There is a dose relationship for many of these effects, so that with more drink the pleasure is increased. Eventually, however, unpleasant effects come into play and drinking becomes aversive. The level of intake at which the response switches from pleasure to aversion varies greatly from person to person, but the wanted euphoria may be replaced by depression and maudlin misery. Nausea and vomiting may be other unwanted physical effects. In addition, there will very soon at ordinary levels of drinking be, with some variation between individuals, a dose-related impairment of reaction time, coordination and balance.
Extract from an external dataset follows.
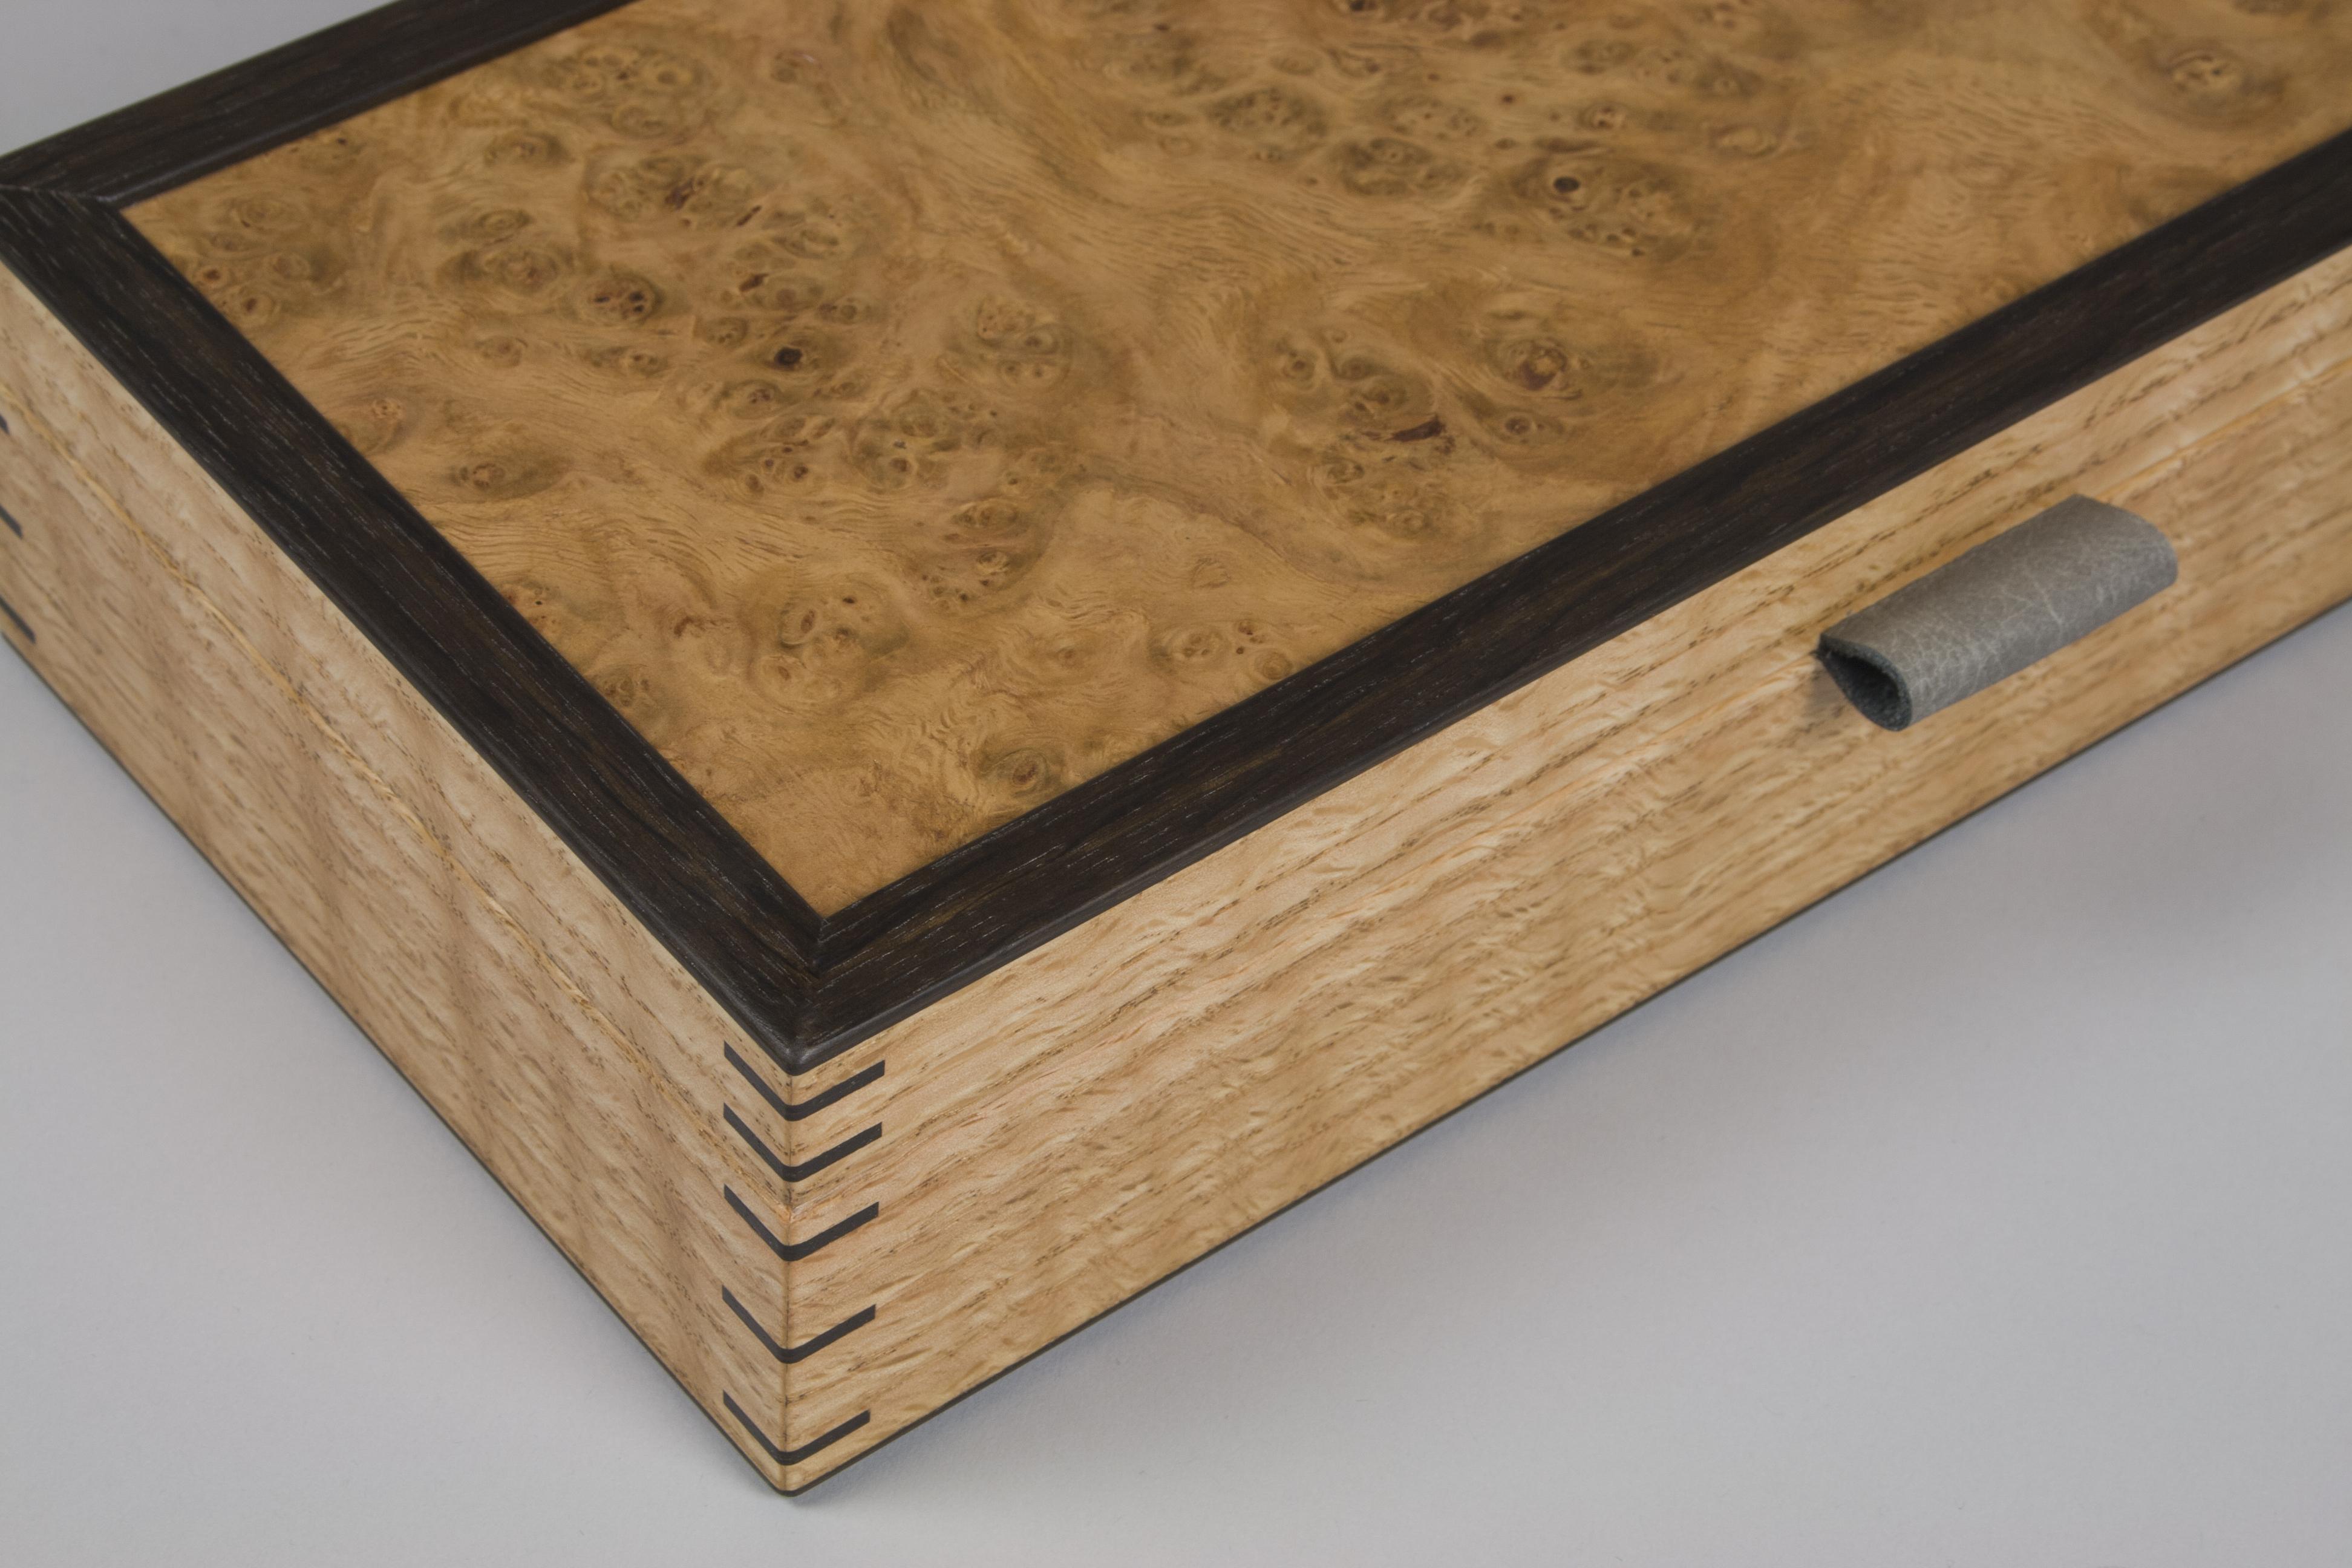 Cufflink box from oak burr

How alcohol acts on the brain and interacts with psychological expectations to produce its impact is a question which has during recent years attracted a great deal of research. A summary conclusion is that alcohol affects brain functioning by its capacity to interfere with the biological system of chemical messengers which is all the time regulating the balance between activity and inactivity in brain cells and brain circuitry. Alcohol does not directly key into receptor sites in the brain as do many other mind-acting drugs, but it produces its effects by cat's-pawing legitimate messengers. Through these mechanisms it will activate structures within the brain whose nerve-cell firing produces pleasure, while through other mechanisms it will dampen firing and produce sedation and impairment of coordination.

Alcohol as poison

Alcohol is potentially a poison in several different ways. The most banal poisonous consequence of drinking alcohol is that it can produce hangover -a state ranging from mild fragility to a thumping headache, nausea, the room spinning round, ghastliness, a short-lived resolve never to touch the stuff again. This state is in part the result of poisoning by the non-alcohol adulterants in the drink, but dehydration due to the diuretic effect of alcohol also plays a part. It is unpleasant, but no tangible harm is done other than perhaps a morning's work being lost.

Second, let's put in the list of potentially poisonous effects the fact that it is possible to die of an overdose of this drug. That, mercifully, is not too common an occurrence. Nevertheless, the drunk in the police cell has all too often been found dead in the morning as a result of respiratory depression caused by alcohol, complicated perhaps by inhaled vomit, and sometimes also by the capacity of alcohol to lower the blood-sugar level. Death by alcohol overdose occurs rather easily when this drug is mixed with sedatives, tranquillizers or opioids such as methadone or heroin, and many a sad fatality has happened that way.

Third, alcohol is a poison because, either directly or because of the associated malnutrition which tends to go with heavy alcohol use, it can physically damage body tissues and impair body systems. There is hardly any type of tissue which is not vulnerable if excessive drinking is long continued -brain, nerves, muscle, liver, heart.

Fourth, chronic exposure to alcohol carries a risk for certain types of cancer.

Fifth and lastly, through its capacity to impair coordination and judgement, alcohol can cause many types of accidents. It may also at times lead to violent behavior or contribute to the risk of suicide.

So much for a brief factual description of alcohol the molecule. But the objective facts are only a small part of the total meaning which we give to drink.